= Florence Smythe =

American actress (1878–1925)

Florence Smythe (April 19, 1878 – August 29, 1925) was a stage actress who was in silent motion pictures from 1915 to 1917.

== Career ==
In 1909, Smythe acted with the Belasco Stock Company. She was in six movies, The Wild Goose Chase (1915), The Fighting Hope (1915), The Voice in the Fog (1915), Common Ground (1916), The Winning of Sally Temple (1917), and The Silent Partner (1917). She left films and the stage prior to her marriage.

== Personal life ==
Smythe was born in Santa Barbara, California. In 1909, she was engaged to John Marshall, a state senator in South Carolina.
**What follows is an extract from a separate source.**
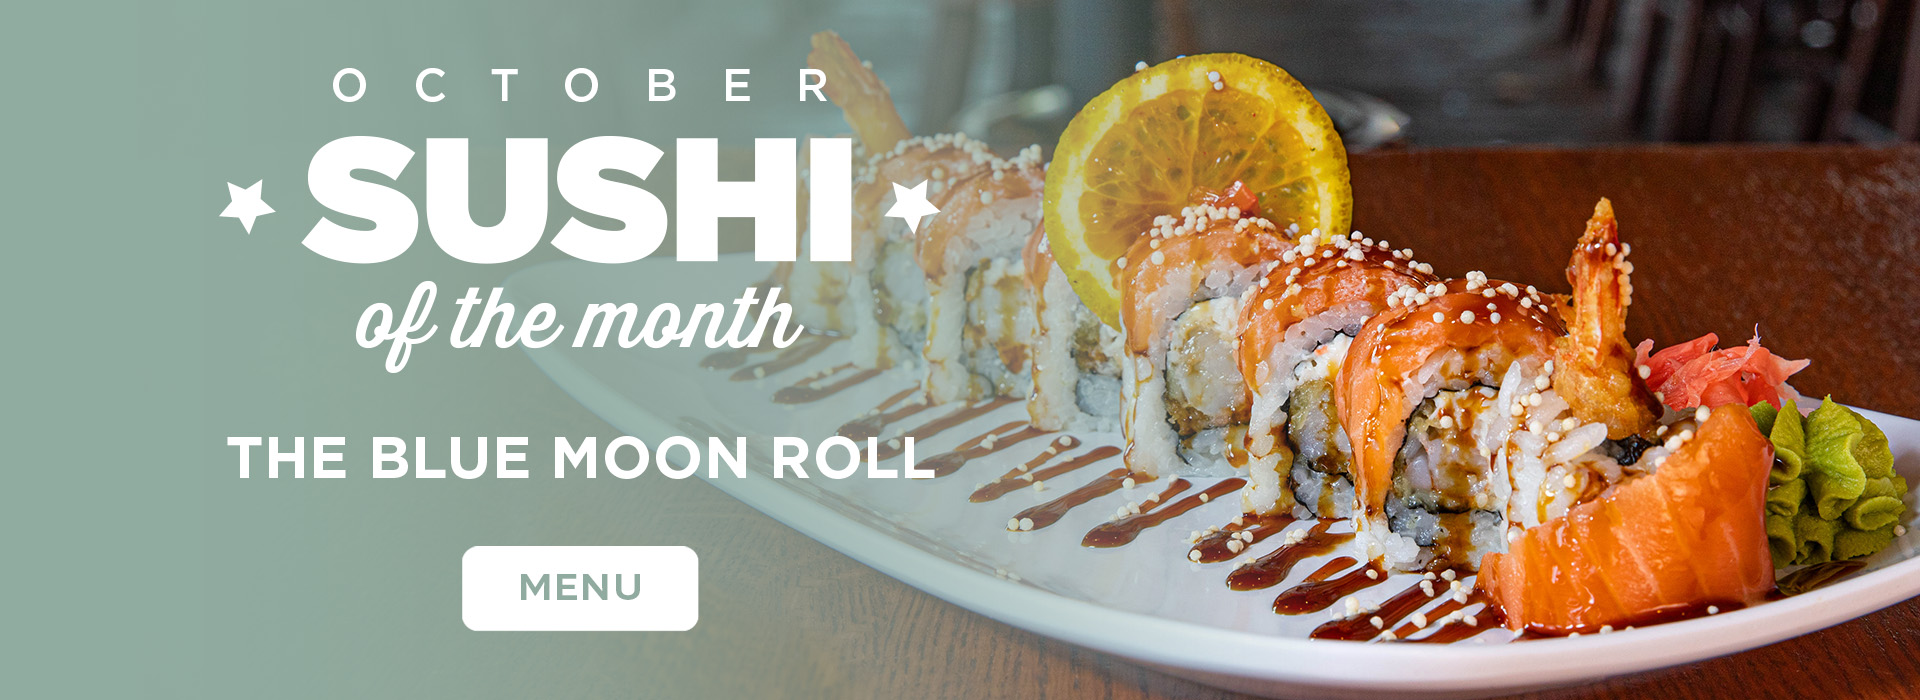 Click or tap here to view our sushi of the month, the Chili Lime Roll!

She was married to silent film actor Theodore Roberts. The couple met while Florence was a member of the Theodore Roberts theatrical company. They lived in Los Angeles, California at 1915 North Vine Street.

===Contentious divorce===

Smythe was a party in a divorce battle that wound up in New York Supreme Court in February 1913. Theodore Roberts' first wife, Lucy Roberts, obtained a separation decree which provided $50 a week for alimony. She married the actor in Portland, Oregon in 1890. They separated in New York, New York on February 13, 1910. Roberts did not pay the alimony and was locked up in Ludlow Street jail.

The first Mrs. Roberts sued Smythe for $50,000, charging the actress with alienating the affections of the actor. A countersuit was filed by Miss Smythe asking a sum of $100,000. She contended the former Mrs. Roberts scandalized her by stating she furnished apartments for Theodore and advanced him money. The suit was not tried in court because the statute of limitations had run out.

==Death==

On August 29, 1925, Smythe died from a heart ailment at her home at the age of 47.